Six percent of all fractures treated in the emergency department are proximal humeral fractures and the majority can be successfully treated without surgery. These fractures are the most common type of fracture occurring in elderly patients and 13 to 16% are comminuted, displaced and categorized as 3- and 4-part fractures according to the Neer Classification. Controversy lies in the whether comminuted displaced fractures in elderly patients with osteoporosis who experienced low energy trauma should be treated with surgery or not. A select number of randomized control studies compare open reduction and internal fixation to conservative methods and this meta-analysis was brought forward to pool the data from the trials available to re-evaluate the use of both treatments.

What was the principal research question?

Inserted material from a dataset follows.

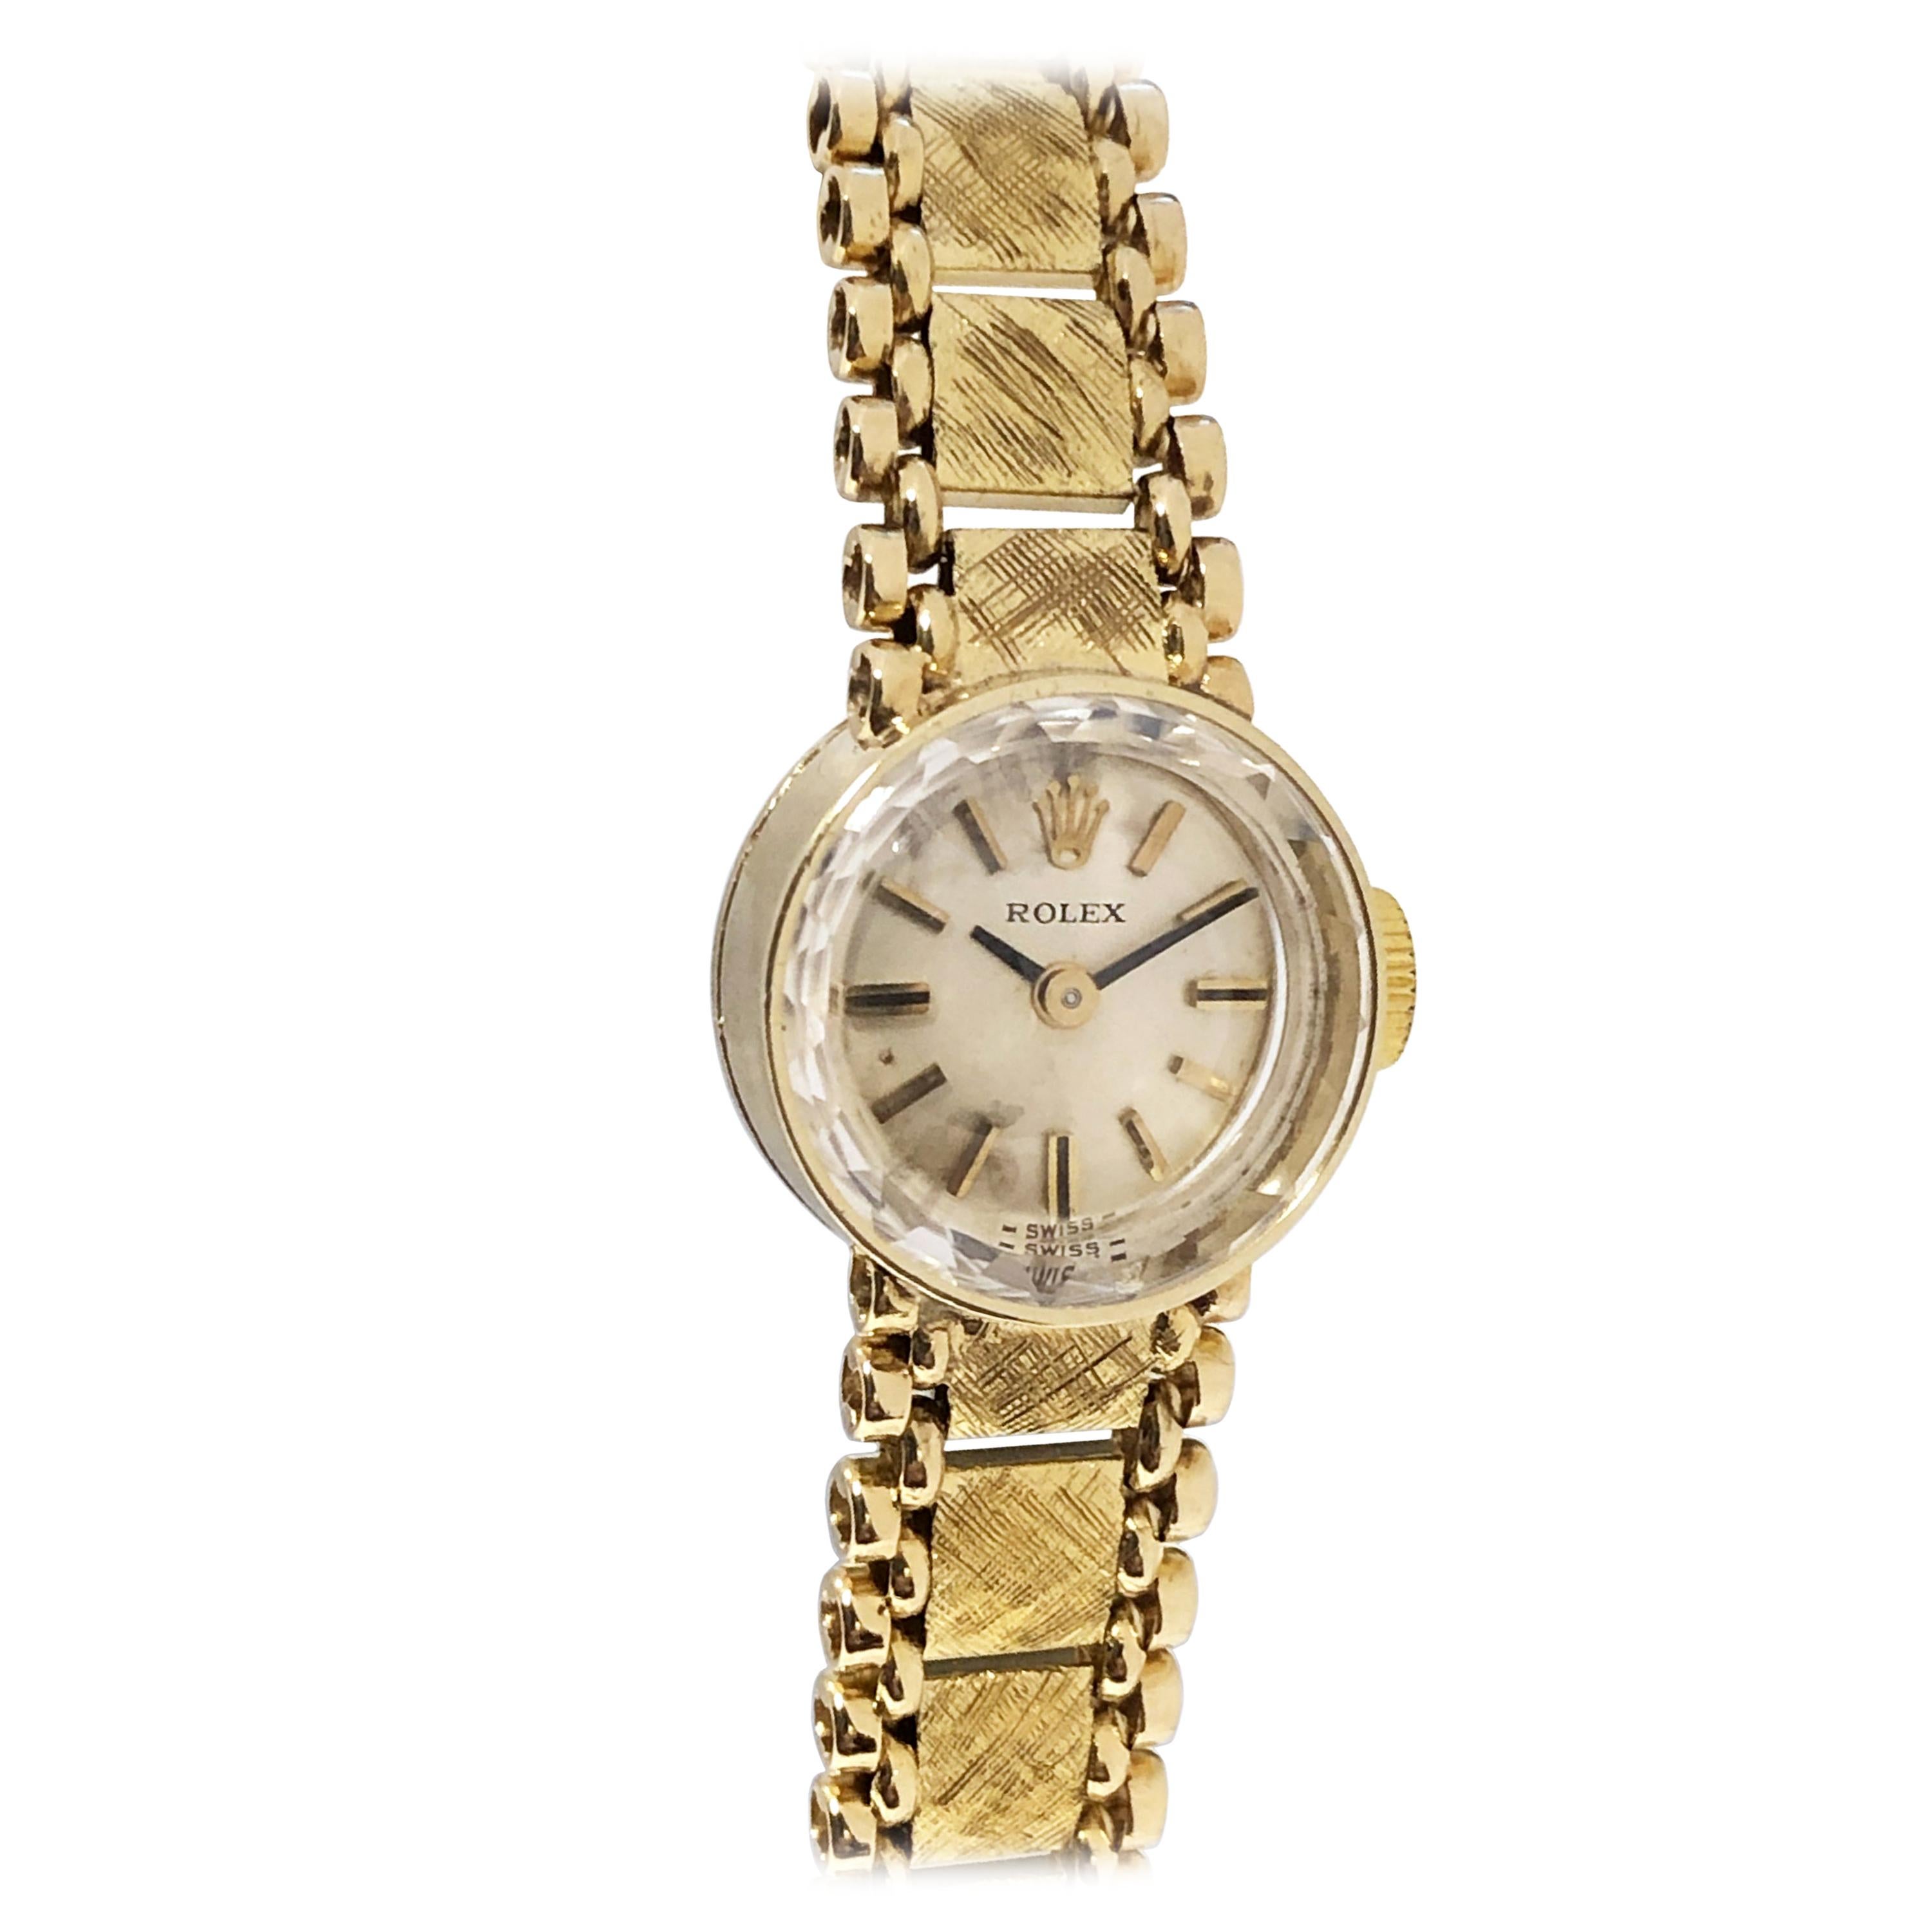 Rolex Vintage Ladies Mechanical Bracelet Watch with Original Certificate

Are comminuted displaced humeral fractures in elderly patients best treated with open reduction and internal fixation or non-operative treatments?

Study Characteristics -
Data Source:
The online data bases PubMed and Cochrane Central Registered of Controlled Trials were searched for relevant articles published between 1996 to October 2012. Reference lists and conference proceedings were manually scanned to identify additional articles.
Index Terms:
Proximal humeral fracture, internal fixation, treatment outcome, surgery and comparative study were used in different combinations as MeSH terms and as text words.
Study Selection:
The three included randomized control trials that compared open reduction and internal fixation and nonoperative treatment of displaced 3- and 4-part proximal distal fractures in elderly patients and had a primary outcome measure of Constant Scores. Secondary measures included nonunion, avascular necrosis of humeral head and osteoarthritis. Methodological procedure was not included.
Data Extraction:
Patient characteristics, inclusion criteria, treatment protocols, constant scores and complications were extracted by two independent authors and discrepancies were resolved by a third reviewer.
Data Synthesis:
Data from three studies was analysed using Review Manager Version 5.0. Constant score was represented as a continuous variable using weighted mean differences (WMD). The remaining outcomes were dichotomous and analyzed using risk ratios (RR). Heterogeneity was evaluated using I squared and defined as I^2 > 50%. A random effects model was used for heterogeneous data and a fixed effect model was used when I squared was less than 50%.

What were the important findings?

  • All three studies (n=130) examined Constant score and the outcomes were similar between surgical and nonsurgical treatment groups (WMD 20.51, 95% CI: 27.25 to 6.22, P= 0.88, I squared = 0%).
  • The 3 studies found nonunion was uncommon in both groups and that the difference between the two was insignificant (RR =0.78; 95% CI: 0.18–3.41, P= 0.74, I squared = 0%).
  • In the 3 RCT's examined, no difference was found in the risk of avascular necrosis of humeral head (RR = 0.86; 95% CI: 0.46–1.58, P= 0.62, I squared =0%).
  • 2 of the studies (82 patients) reported data on osteoarthritis and neither treatment arm provided additional benefits (RR = 1.34; 95% CI: 0.37–4.82, P= 0.66, I squared =0%).

What should I remember most?

No benefits were found regarding constant score, nonunion rate, risk of avascular necrosis of the humeral head or osteoarthritis with open reduction and internal fixation over nonsurgical methods. Both nonunion rates and risk of avascular necrosis were low in each group.

How will this affect the care of my patients?

This meta-analysis of 3 randomized control studies suggests non-operative treatment should be used for 3- and 4-part proximal humeral fractures in elderly patients over open reduction and internal fixation, as there is no additional benefit of the operative treatment. This study was limited by the modest quantity of studies and few clinical outcomes observed.